P&A: L’una è la conseguenza dell’altra. Per l’inaugurazione non c’era nessuna informazione sulla mostra in galleria perché il comunicato non parlava di quella mostra. L’intera operazione si è basata sull’errore e su una contraddizione. Questa era la prima mostra a Napoli dopo la personale del 2005 e volevamo interrogarci di più. È stata anche l’occasione per ripensare al nostro rapporto con la città, per trovare qualche relazione forte che ci identificasse. In Untitled (Tarumizu), 2007, abbiamo giocato sulla classica foto cartolina. Nonostante il panorama sia estremamente somigliante, non si tratta di Napoli. La foto è stata scattata in Giappone e si tratta di una veduta della cittadina di Tarumizu.
VS: A partire da See Through (2005) fino a Shape of Magritte to Come (2007), c’è una maggiore focalizzazione sull’ambiguità della visione, sulla percezione in generale. In opere più recenti come Untitled, invece, il peso specifico dell’opera è più forte, invadente. C’è un’attenzione maggiore alla forma e al suo peso.
P&A: È vero, anche se in qualche modo continuiamo a sviluppare l’elemento dell’illusione. L’opera ti dà l’idea del peso proprio perché lo annulla. I pali in cemento di Untitled sono cavi, sospesi su tre palloni posti alle tre estremità. Esiste una contraddizione insita all’interno di questo lavoro. Un altro elemento ricorrente è rappresentato dalle nostre origini. Per questa installazione, infatti, siamo partiti da una riflessione sull’architettura. Qui abbiamo usato l’elemento architettonico moderno per eccellenza, il pilastro; in questo caso, due pilastri sovrapposti.

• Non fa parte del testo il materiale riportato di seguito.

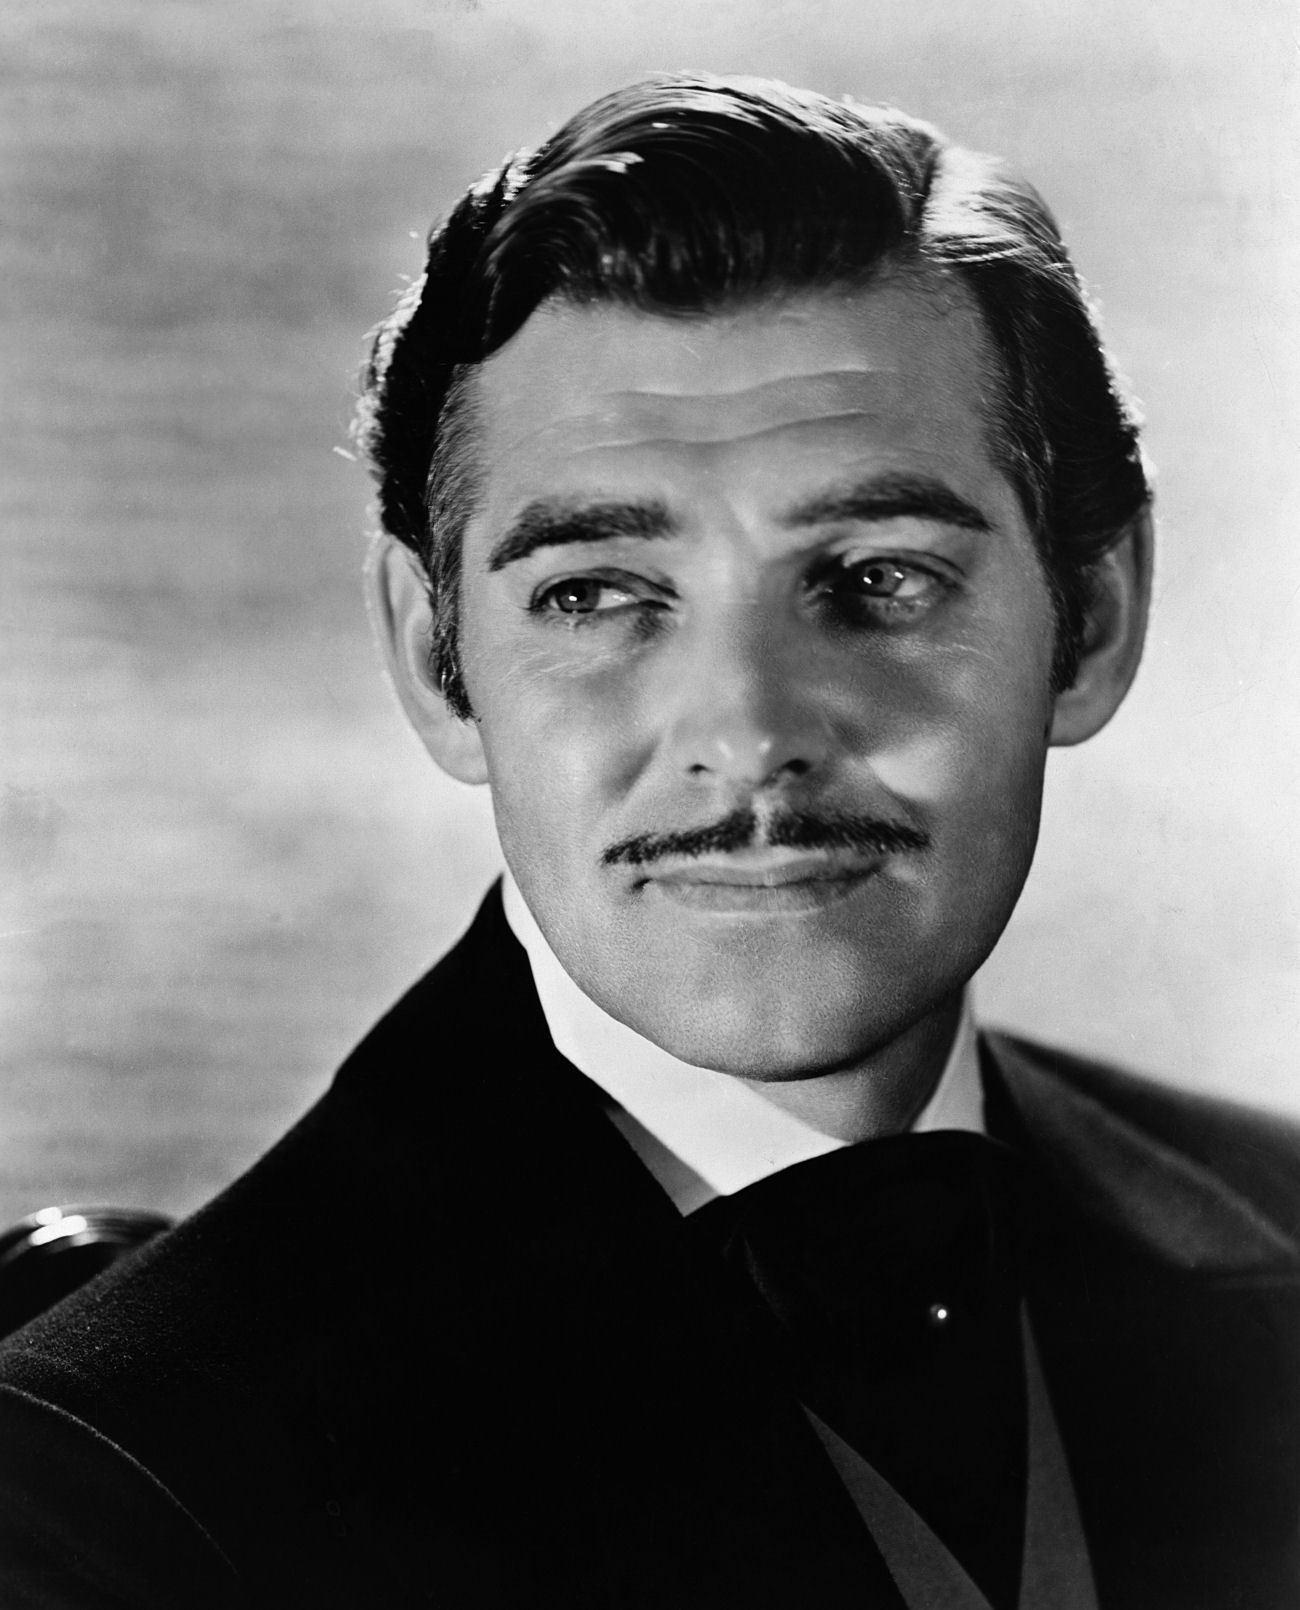 Clark Gable as Rhett Butler Gone With The Wind, 1939 Absolutely

L’idea era di restituire anche una dimensione di precarietà, che si ritrova nell’architettura napoletana e che è mista alla sua storia. Si tratta di qualcosa di completamente organico, che possiede anche un certo fascino, che probabilmente consiste nella sua spontaneità. La presenza della Storia si mischia a edifici di epoca greca, romana e medievale…
VS: Osservate questo aspetto come un elemento di decadenza?
P&A: Lo vediamo come un fenomeno connaturato alla città. Pasolini diceva che Napoli è rimasta l’unica tribù nel cuore dell’Europa1… Questo è ancora vero.
VS: Un riferimento allo spazio è comunque presente in See Through, che avete presentato ad Arte all’Arte nel 2005. Una finestra di specchi cattura l’immagine di un paesaggio rinascimentale e diventa un quadro che sposta lo spazio in profondità rispetto al limite della finestra reale. Lo specchio è opaco, contiene l’immagine ma non la attraversa. C’è anche un riferimento a Fabro nella scelta dello specchio come “mezzo democratico”, che non fornisce una posizione privilegiata ma uguale per tutti.
P&A: È una riflessione che abbiamo fatto anche noi, quando abbiamo presentato Shape of Magritte to Come a Francoforte nel 2006: dietro alle finestre dove era posizionata l’opera si intravedevano le sedi di alcune delle più grosse banche europee. Ogni grattacielo in città è la sede di una banca. Ma c’è qualcosa in quella città che ti comunica una sensazione di leggerezza e di trasparenza. Di uguaglianza, che è solo un’illusione.